Identifying and addressing performance problems of your ML workloads

Identify inefficient phases of your workloads for optimization and performance tuning.

Describes how to compare any two runs of an ML workload using the Comparison tool.

  1. Verify that you are logged in to the Cloudera Observability web UI and that you selected an environment from the Analytics Environments page.
    1. In a supported browser, log into the Cloudera.
      The Cloudera web interface landing page opens.
    2. From the Your Enterprise Data Cloud landing page, select the Observability tile.
      The Cloudera Observability landing page opens to the main navigation panel.
    3. From the Cloudera Observability Environments page, select the environment required for analysis.

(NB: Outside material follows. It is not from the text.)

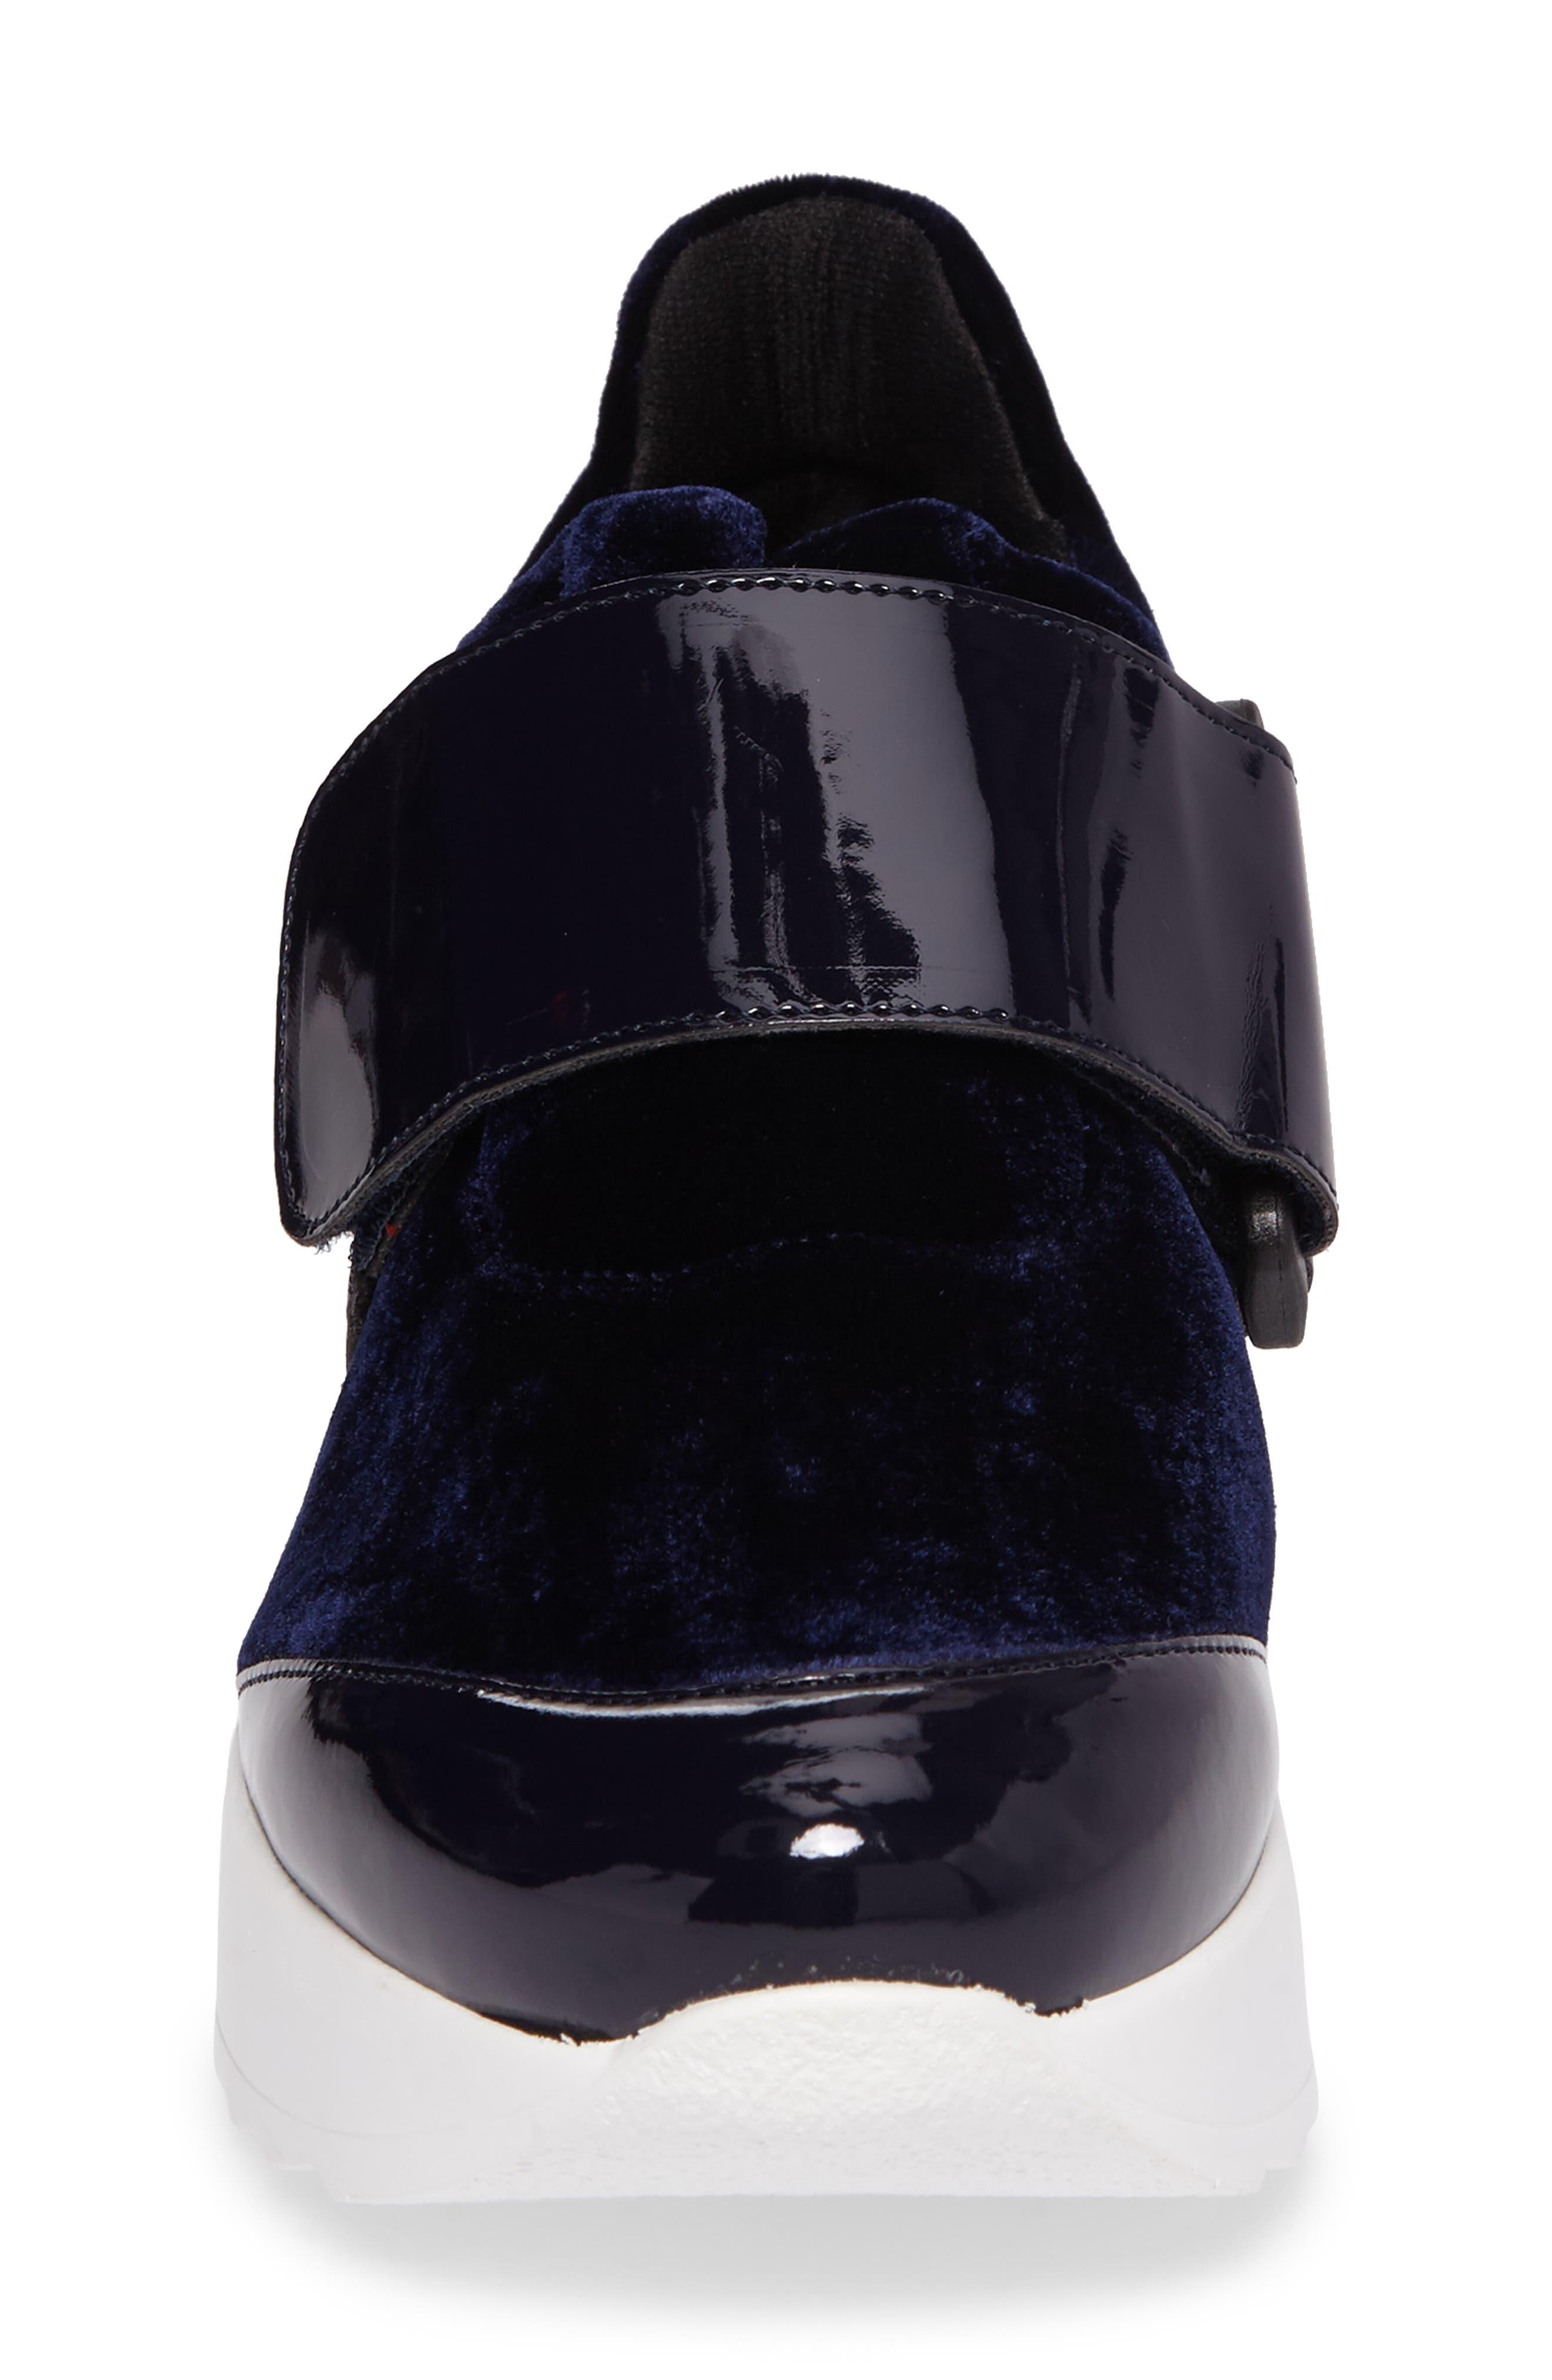 Cannon Sneaker,                             Alternate thumbnail 4, color,                             Navy

      The Environment navigation panel opens.

  2. From the Environment Name column on the Environments page, locate and click environment name whose workload diagnostic information requires analysis and troubleshooting.
    The Environment navigation panel opens, which hierarchically lists the environment and its services hosted on the selected environment.
  3. Depending on the environment selected, verify that the Cluster Summary page is displayed for the environment's cluster required for analysis.
  4. If not already expanded, from the Environment navigation panel, expand the Machine Learning environment, and then select the ML workspace.
  5. Optional: From the time-range list, select a time period that meets your requirements.
  6. Click the workload links in the Jobs, Sessions, Models, and Applications chart widgets.
    The ML Workload list page opens.
  7. From the Name column, select the ML workload.
    The ML workload details page opens for the selected ML workload category (Jobs, Sessions, Models, or Applications).
  8. To measure the current performance of a workload against the average performance of previous runs, select the Baseline tab.
    The Baseline tab captures and presents metrics for each execution, where one execution represents a single job run per day. These metrics include CPU utilization (allocated), memory usage (allocated), and execution duration. If the same job is executed on subsequent days and significant deviations in metrics are observed, You can analyze the discrepancies and determine potential causes.

    For information on Baseline metrics, see Baseline health checks.

  9. To troubleshoot performance-related issues between two different runs of the same workload, do the following:
    1. From the workload details page, select the Trends tab.
    2. Scroll down and from the table, select the check boxes adjacent to the workload job runs that you require, such as the latest run with a run from a week ago, and then click Compare.
      The Execution Comparison page opens, displaying more details about the selected workload.
    3. From the Details section, select the Basics tab and review the workload details executed for both of your selected workload runs.
    4. Select the Metrics tab and compare statistical differences between the selected workload runs. For example, you can identify differences in the workload run durations.